宝塚歌劇団の劇団員の女性が急死した問題で、記者会見する遺族側代理人川人博弁護士=27日午後、東京都内

宝塚歌劇団兵庫県宝塚市)の宙組の劇団員の女性(25)が昨年9月に急死した問題で、遺族代理人川人博弁護士らは27日、東京都内で記者会見し、遺族側が主張する上級生らからの15件のパワハラについて、歌劇団側が多くの行為がパワハラに該当すると認めたことを明らかにした。ただ、具体的に認める行為の内容や、合意時の公表方法などについて見解が一致せず、今後も交渉を継続する。

遺族側は、これまでパワハラは確認できなかったとする歌劇団側と昨年から4回にわたって面談交渉を行ってきた。

川人弁護士によると、歌劇団側は3回目の1月24日の面談で、15項目のパワハラ行為のうち、多くの行為がパワハラに該当し、劇団の経営陣の現場の活動への無理解などが事態をひき起こしたと認めたという。

ただ、歌劇団側は具体的にどの行為を認めるのか明らかにしていない上、遺族側が提示した合意書締結案に対し、謝罪文の内容や合意時の公表方法について否定的な姿勢を示したことから、3月前半に5回目の交渉を行う予定という。

川人弁護士は、歌劇団側について「15の行為のうち、7つの項目についてはほぼ認めていると理解している」とする一方、残りはほぼ否認か完全否認しているとする。歌劇団側が行っている上級生らへの聞き取り調査について、「上級生らの言い分をそのまま受け入れる傾向が強い」と指摘。

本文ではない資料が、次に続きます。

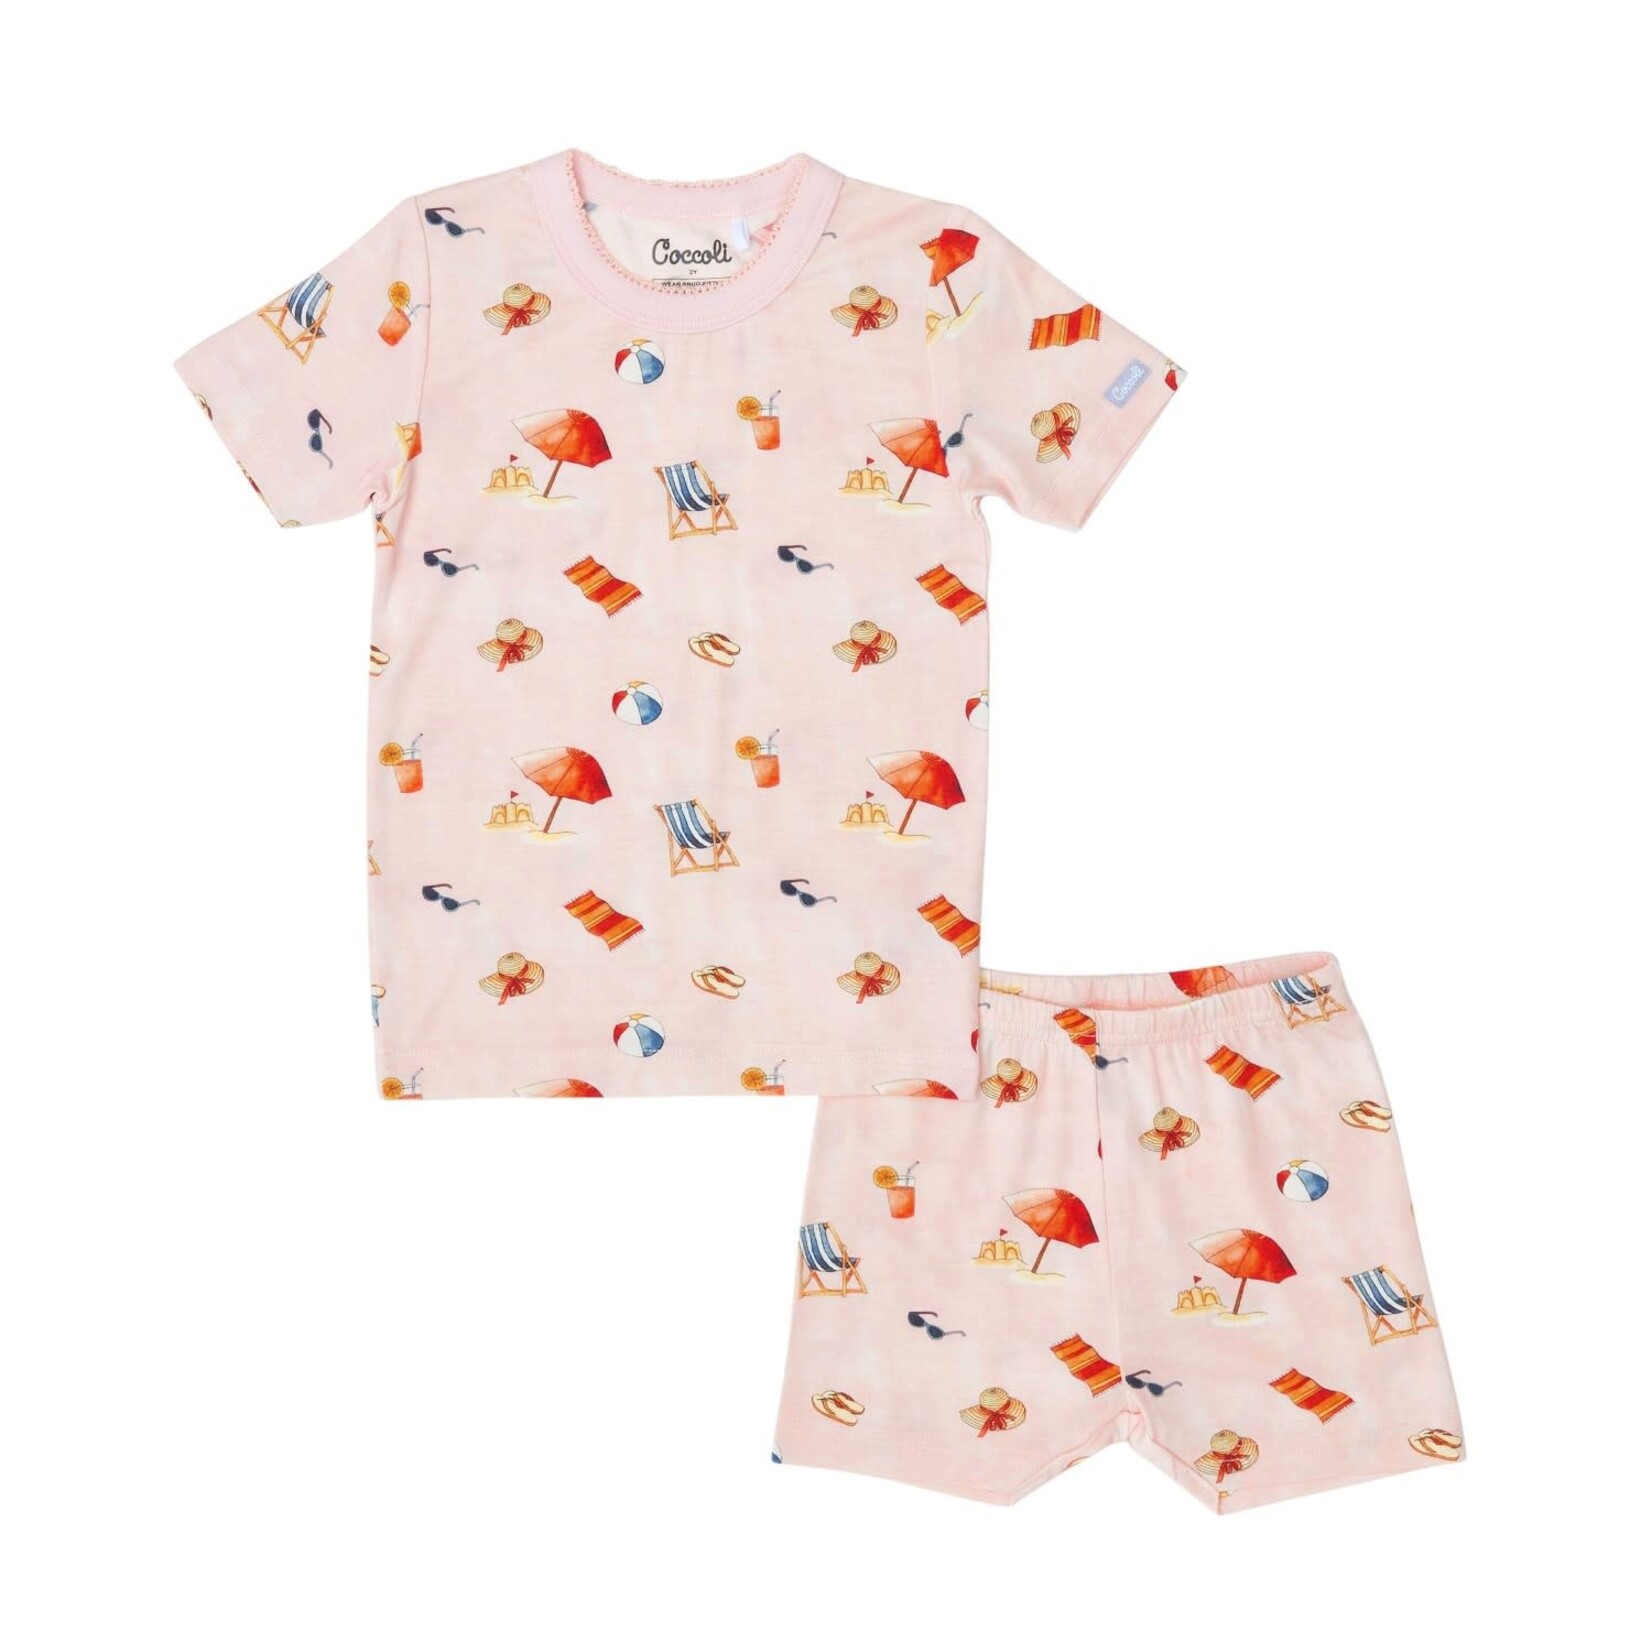 Coccoli COCCOLI - Pyjama court deux pièces rose pâle avec motifs d'accessoires de plage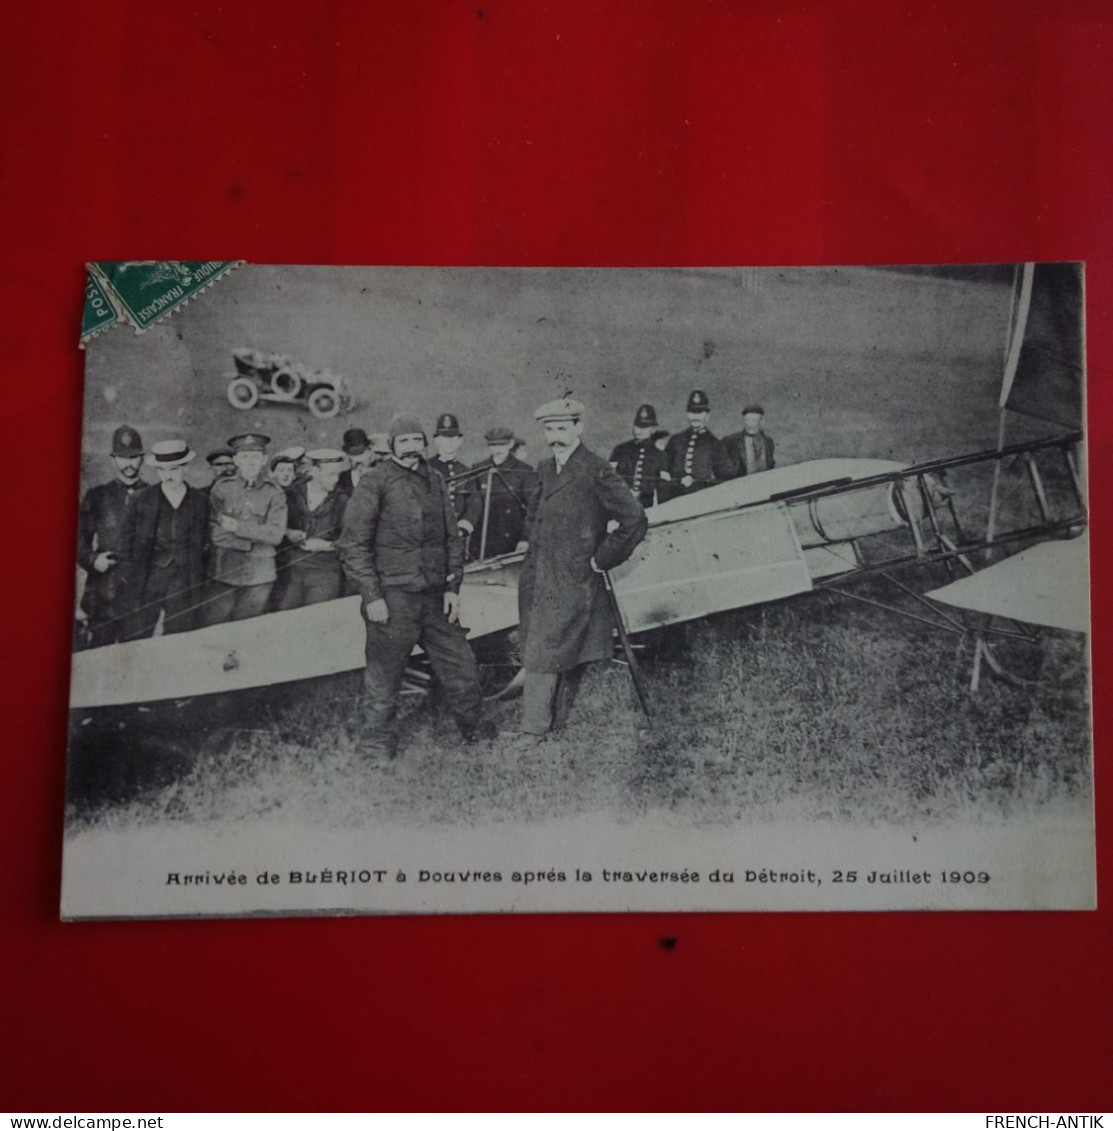 ARRIVEE DE BLERIOT A DOUVRES APRES LA TRAVERSEE DU DETROIT 1909 - Airmen, Fliers

「言い分に関わらず、事実に即し、厚生労働省のハラスメント定義に基づき、謝罪すべき内容を特定し、合意書に記載すべきだ」と強調した。

また、会見では現役の劇団員で亡くなった女性の妹の声明文が読み上げられ、「姉が受けた行為は、パワハラ以外の何ものでもありません。宝塚は治外法権の場所ではありません」と非難し、「現在も遺族に誠意を持って対応しているとは思えません。これ以上無駄に時間を引き伸ばさないでください」と訴えた。